Work instructions –
Below are the entries. Print only the lines starting at the one with "DCC010097 Mando сайлентблок" and ending at the one with "Sunrise at beach", exactly, with no pictures.

Task material –
◆ ◆ ◆ ◆ ◆ ◆ ◆
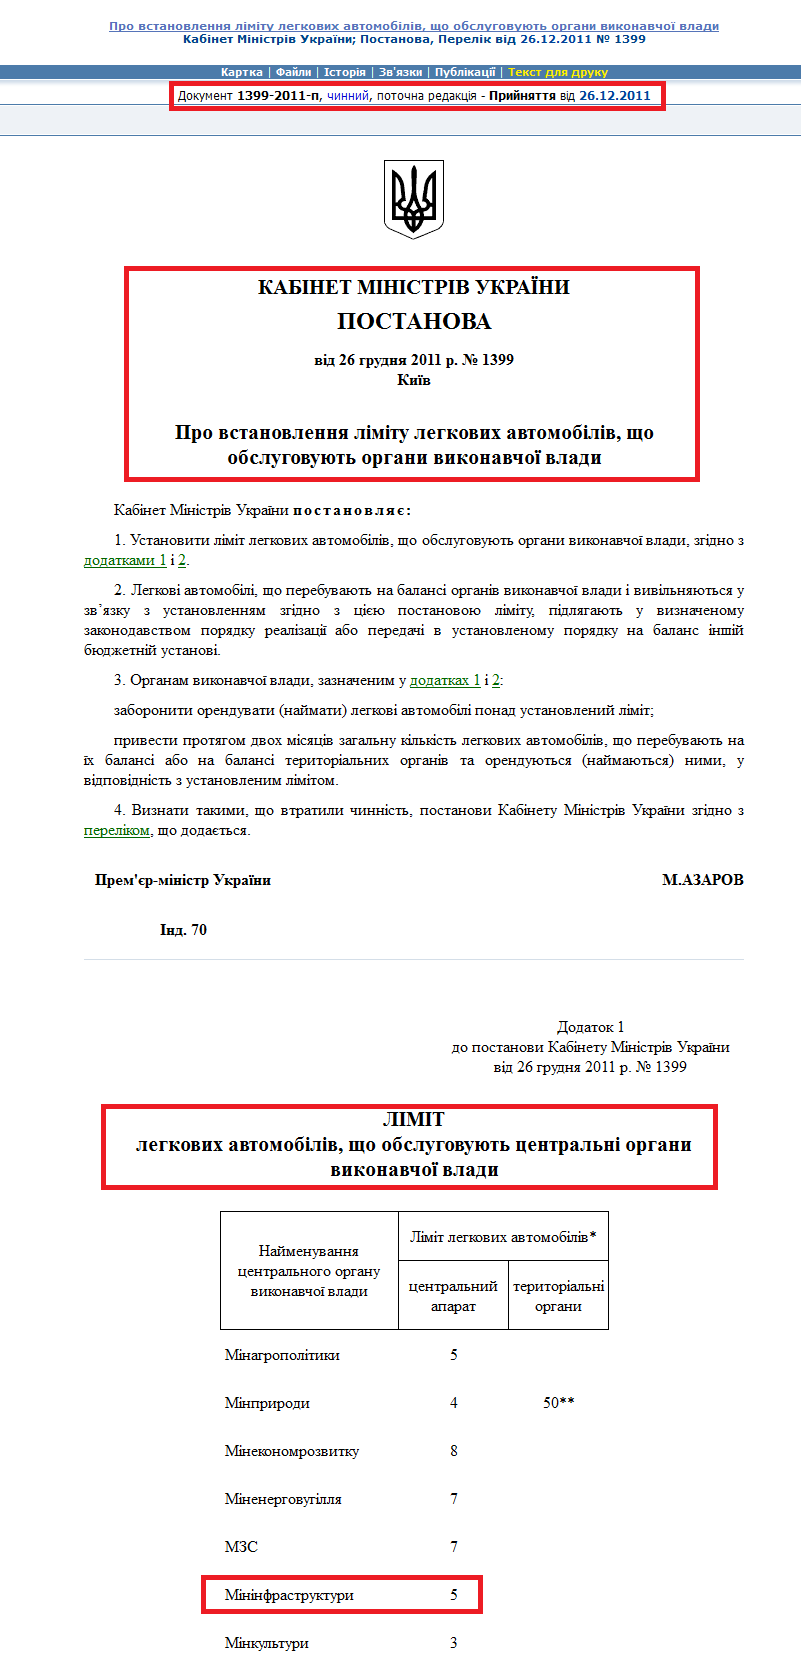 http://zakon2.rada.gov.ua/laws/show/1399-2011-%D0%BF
◆ ◆ ◆ ◆ ◆ ◆ ◆
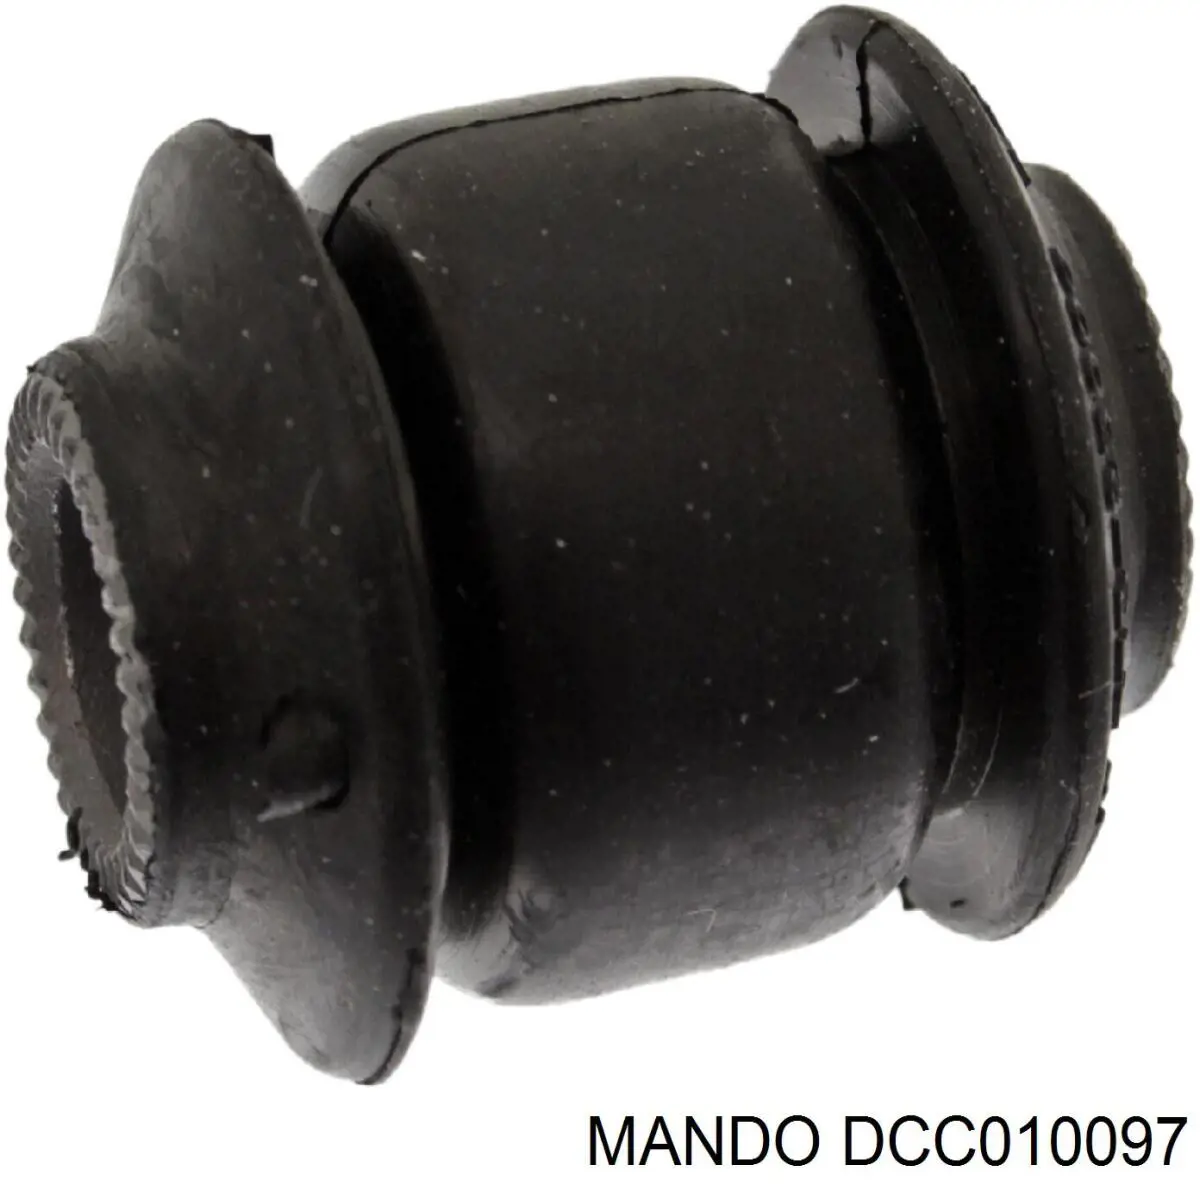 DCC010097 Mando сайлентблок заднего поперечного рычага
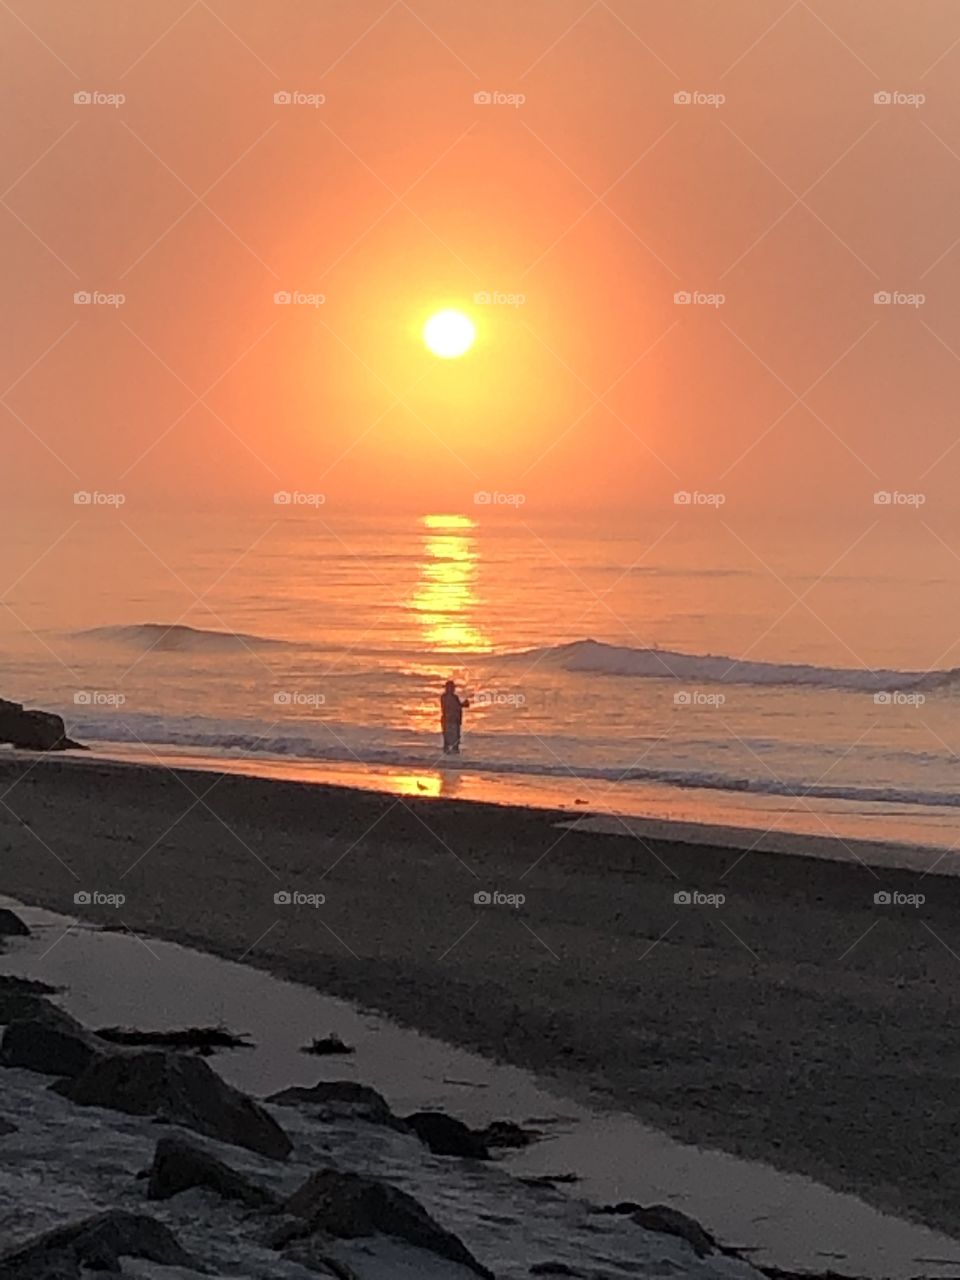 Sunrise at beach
◆ ◆ ◆ ◆ ◆ ◆ ◆
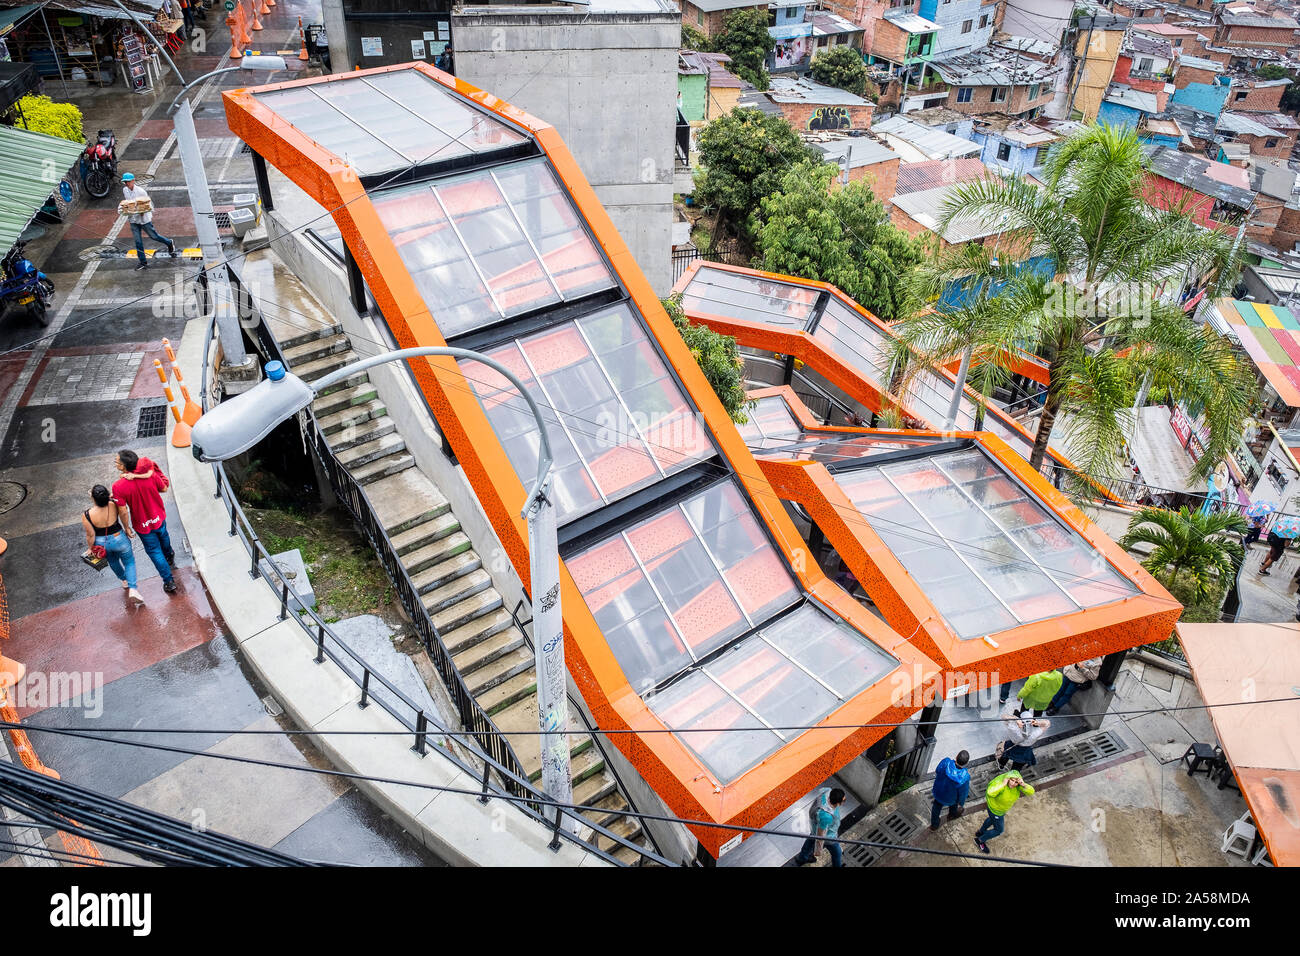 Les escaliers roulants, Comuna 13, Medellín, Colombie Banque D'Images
◆ ◆ ◆ ◆ ◆ ◆ ◆
Reply to the exercise –
 DCC010097 Mando сайлентблок заднего поперечного рычага
 Sunrise at beach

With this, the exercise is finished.